Najma is a former Pakistani film actress. She appeared in more than 100 Urdu and Punjabi movies during the 1970s and 1980s. Her notable movies include Zeenat (1975), Toofan (1976), Sargent (1977),  Shola (1978), Wehshi Gujjar (1979), and several others. She won the best actress Nigar Award in 1978.

Career
Najma started her career with a guest appearance in the Punjabi film "Heera" in 1972. But her first notable movie "Khanzada" came in 1975. She performed as a supporting heroine in the film. The film was a commercial success and opened ways for Najma in the Lollywood. Later, she appeared in several Urdu and Punjabi movies. One of her notable films was an action thriller Urdu movie "Sargent" (1977) which was directed by Aslam Irani. Her role of a club dancer in the movie was much appreciated. She acted as a heroine in the film along with Asif Khan. One year later, she appeared in another successful Punjabi film "Shola" and won a Nigar Award in the category of best actress.
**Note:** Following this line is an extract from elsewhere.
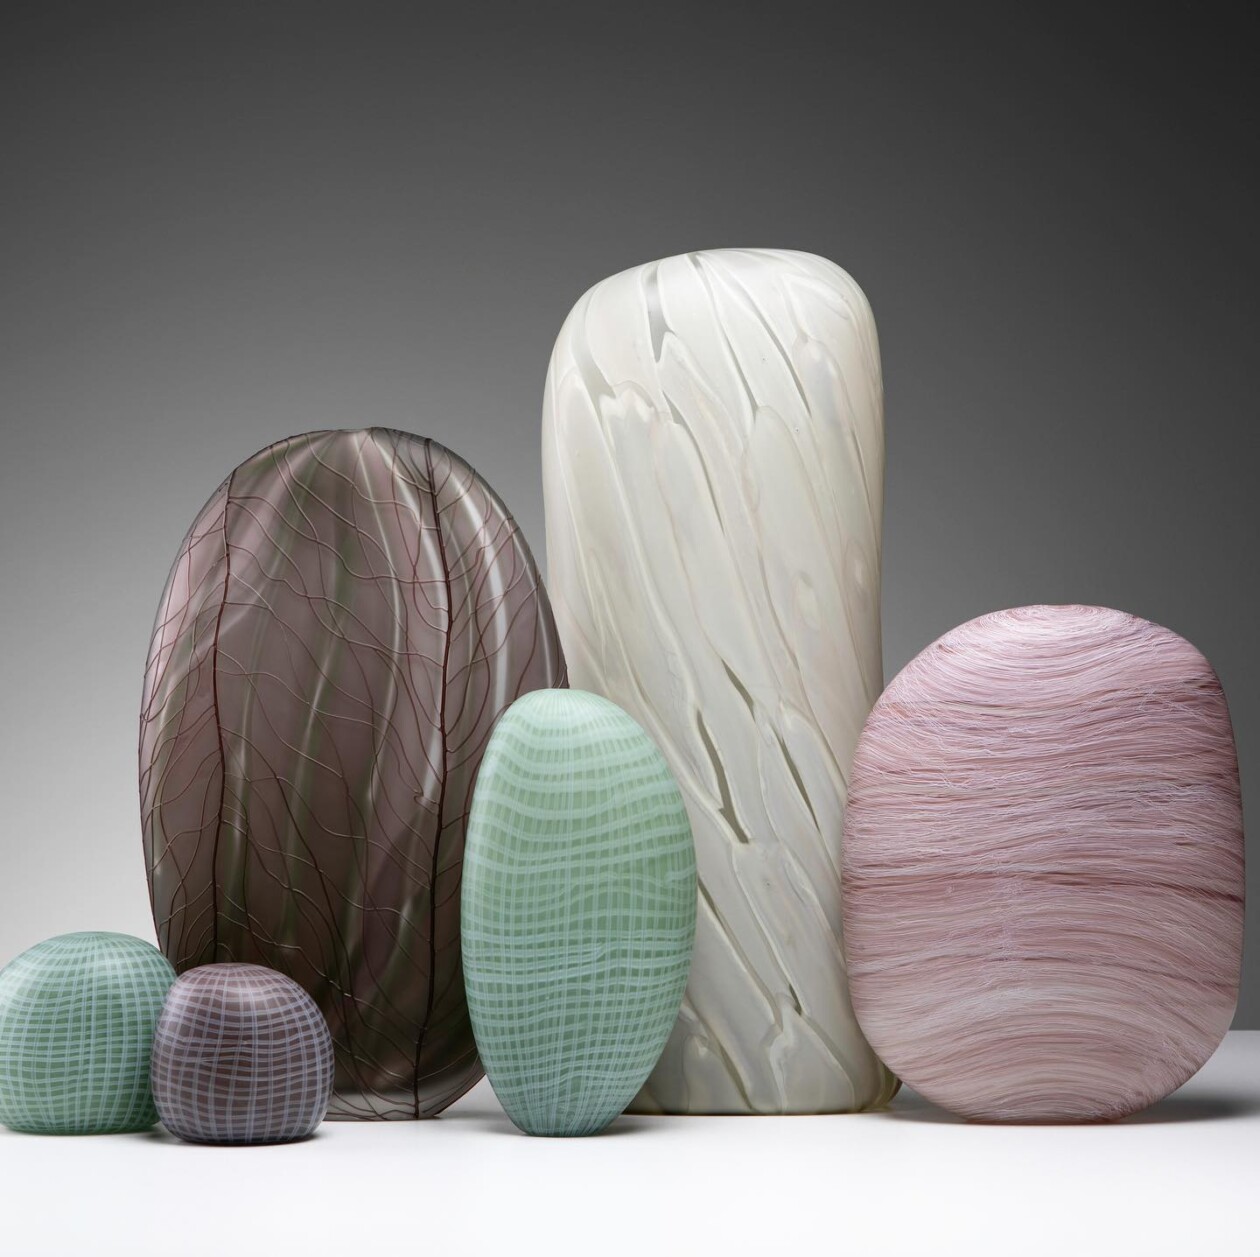 Beautiful And Innovative Abstract Glass Sculptures By Clare Belfrage 23

Her last film "Dagand Kapano Palar" was released in 1994.

Personal life
After release of her last Pashto film, Najma married Ghulam Mustafa Rind, a feudal lord from Mehran, Sindh and left the Lollywood forever.

Selected filmography
Najma appeared in 119 films, including 29 Urdu, 83 Punjabi, and 7 Pashto language movies:
 1975: Khanzada (Punjabi)
 1975: Hathkari (Punjabi)
 1976: Baghawat (Punjabi)
 1976: Toofan (Punjabi)
 1976: Baghi Tay Farangi (Punjabi)
 1976: Licence (Punjabi)
 1976: Jatt Kurian Tun Darda (Punjabi)
 1976: Mohabbat Aur Dosti (Urdu)
 1976: Hashar Nashar (Punjabi)
 1977: 2 Chor (Punjabi)
 1977: Uff Yeh Biwiyan (Urdu)
 1977: Dildar Sadqay (Punjabi)
 1977: 3 Badshah (Punjabi)
 1977: Jeera Sain (Punjabi)
 1977: Sargent (Urdu)
 1977: Chor Sipahi (Punjabi)
 1977: Jabroo (Punjabi)
 1977: Qanoon (Punjabi)
 1977: Suha Jora (Punjabi)
 1977: Ajj Dian Kurrian (Punjabi)
 1978: Takrao (Urdu)
 1978: Shola (Punjabi)
 1978: Curfew Order (Punjabi)
 1978: Boycott (Punjabi)
 1978: Sharif Ziddi (Punjabi)
 1979: Wehshi Gujjar (Punjabi)
 1979: Gehray Zakham (Urdu)

Awards

References

Living people
Pakistani film actresses
20th-century Pakistani actresses
Year of birth missing (living people)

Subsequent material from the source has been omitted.